- _What you have to do_: Beginning with the line that includes "Stokke® Xplory® with", return every remaining line of the material exactly as it reads, but not the pictures.

- _Stored data_:

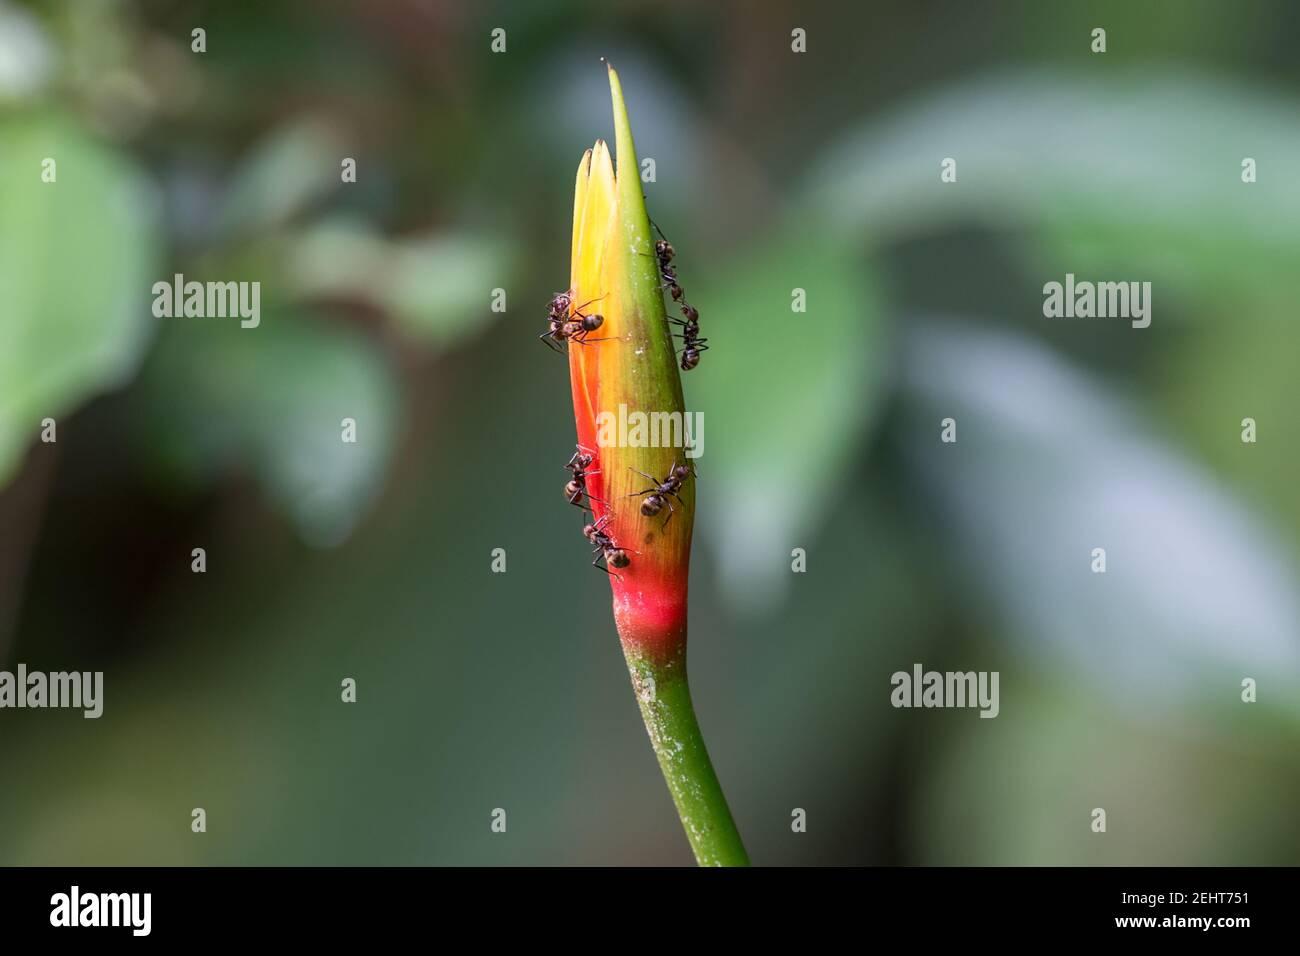 Flower with Bullet ant, Paraponera clavata, Amazon rainforest, Yasuni National Park, Napo River, Ecuador Stock Photo
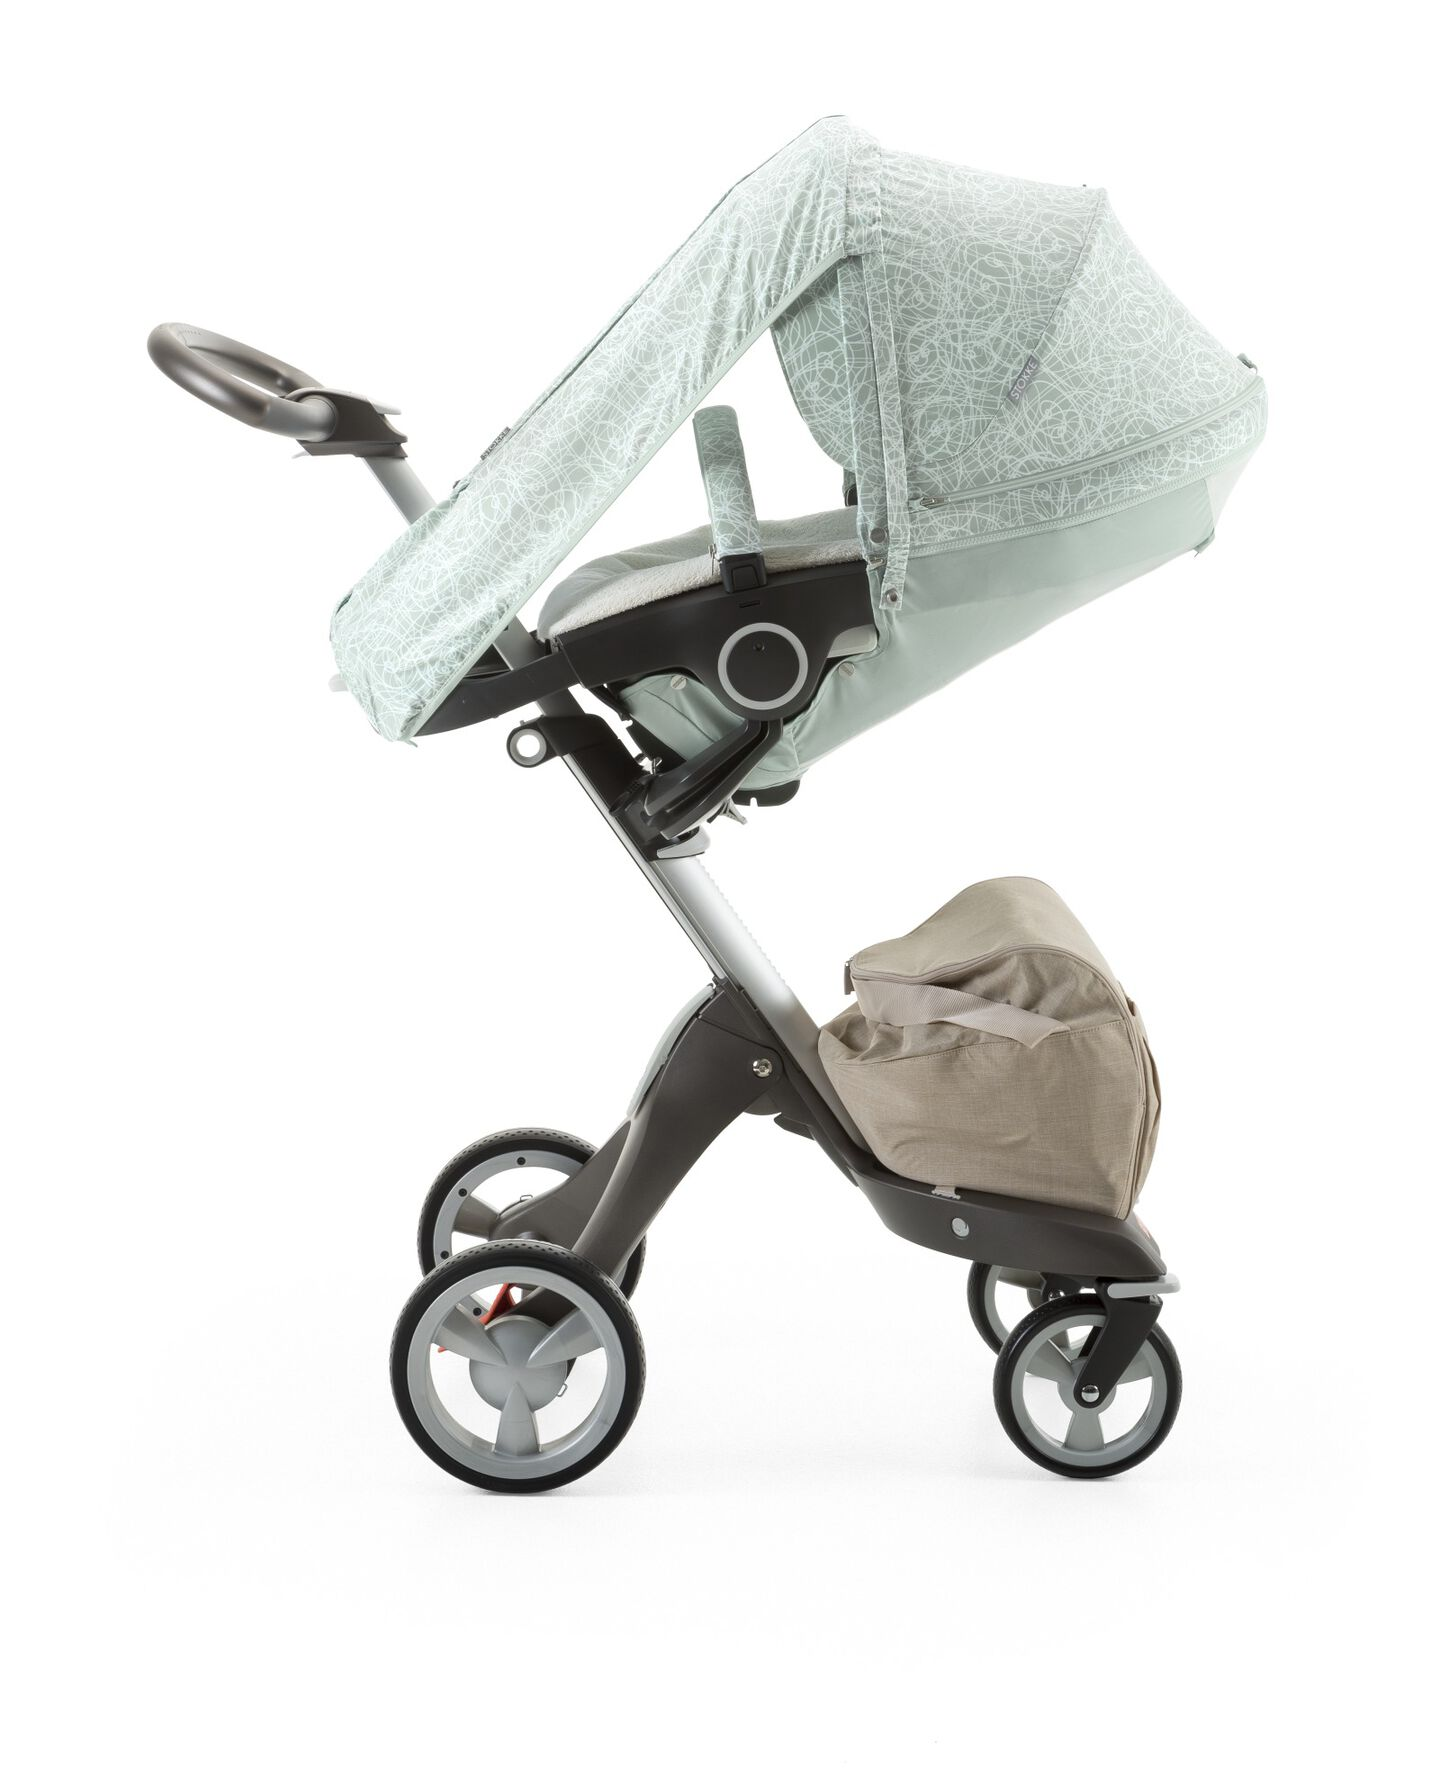 Stokke® Xplory® with Stokke® Stroller Summer Kit Scribble Salty Blue.
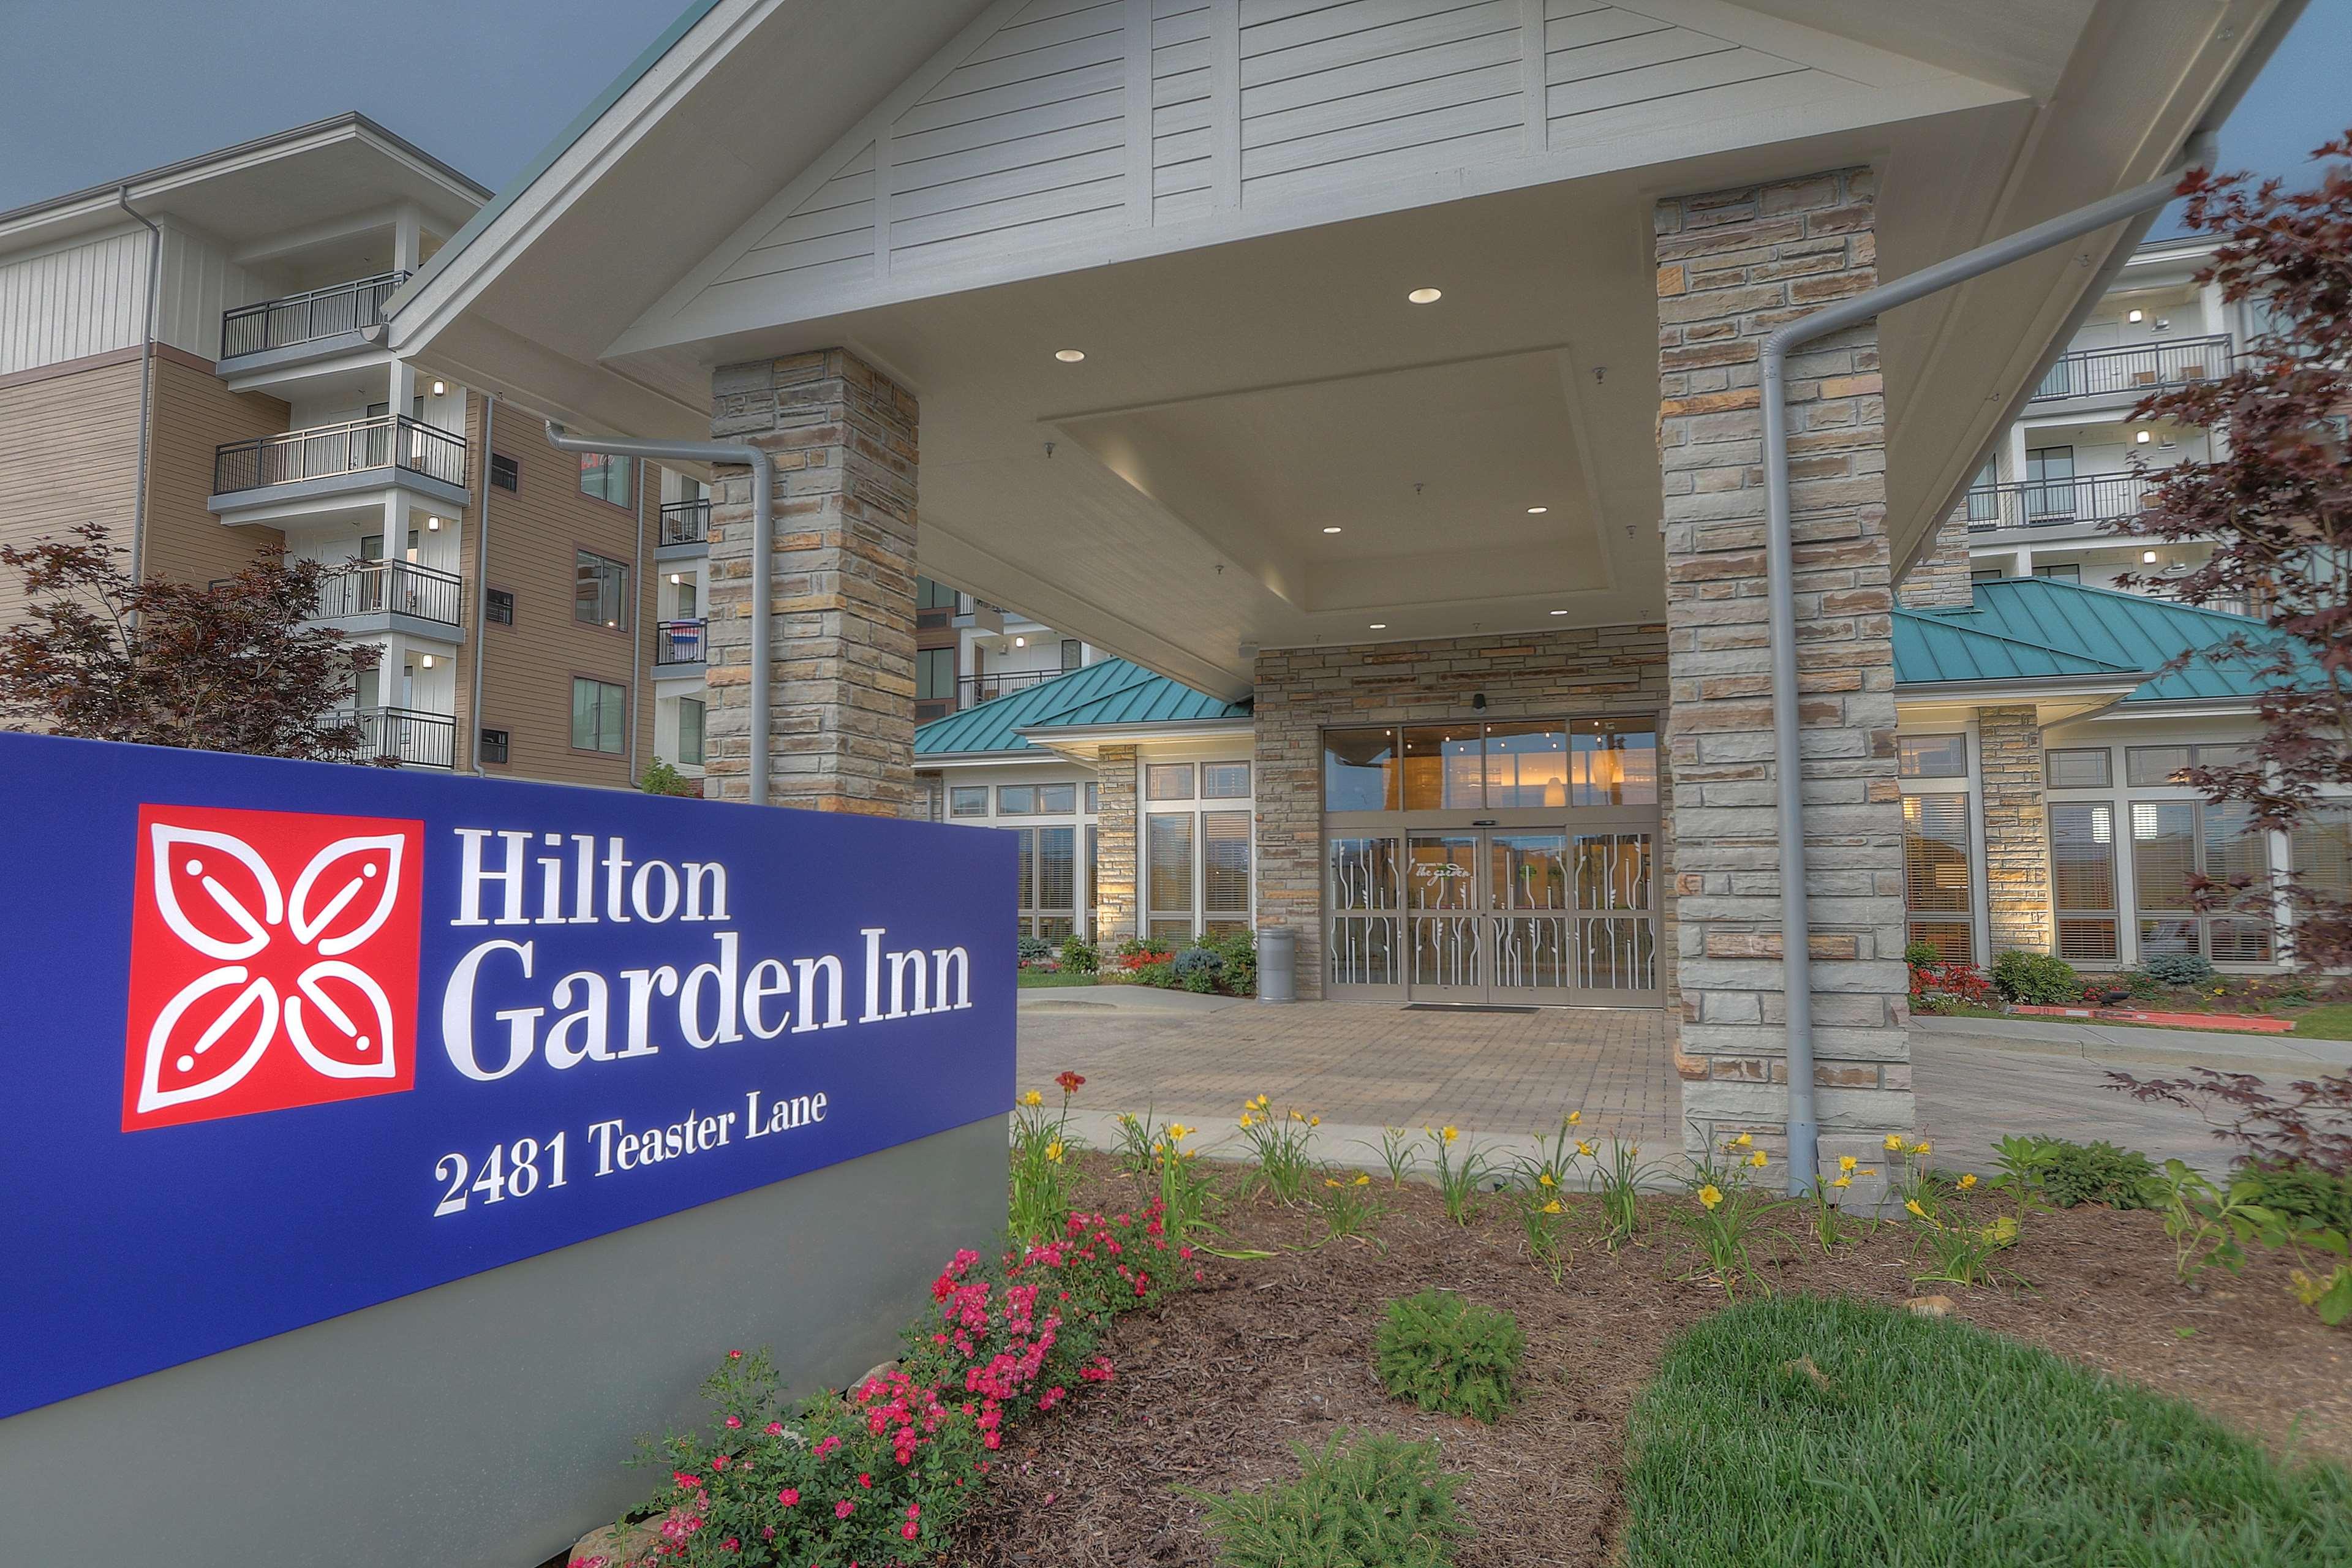 Hilton Garden Inn Pigeon Forge Pigeon Forge Tennessee Tn

- _Finished exercise_:
 Stokke® Xplory® with Stokke® Stroller Summer Kit Scribble Salty Blue.
 Hilton Garden Inn Pigeon Forge Pigeon Forge Tennessee Tn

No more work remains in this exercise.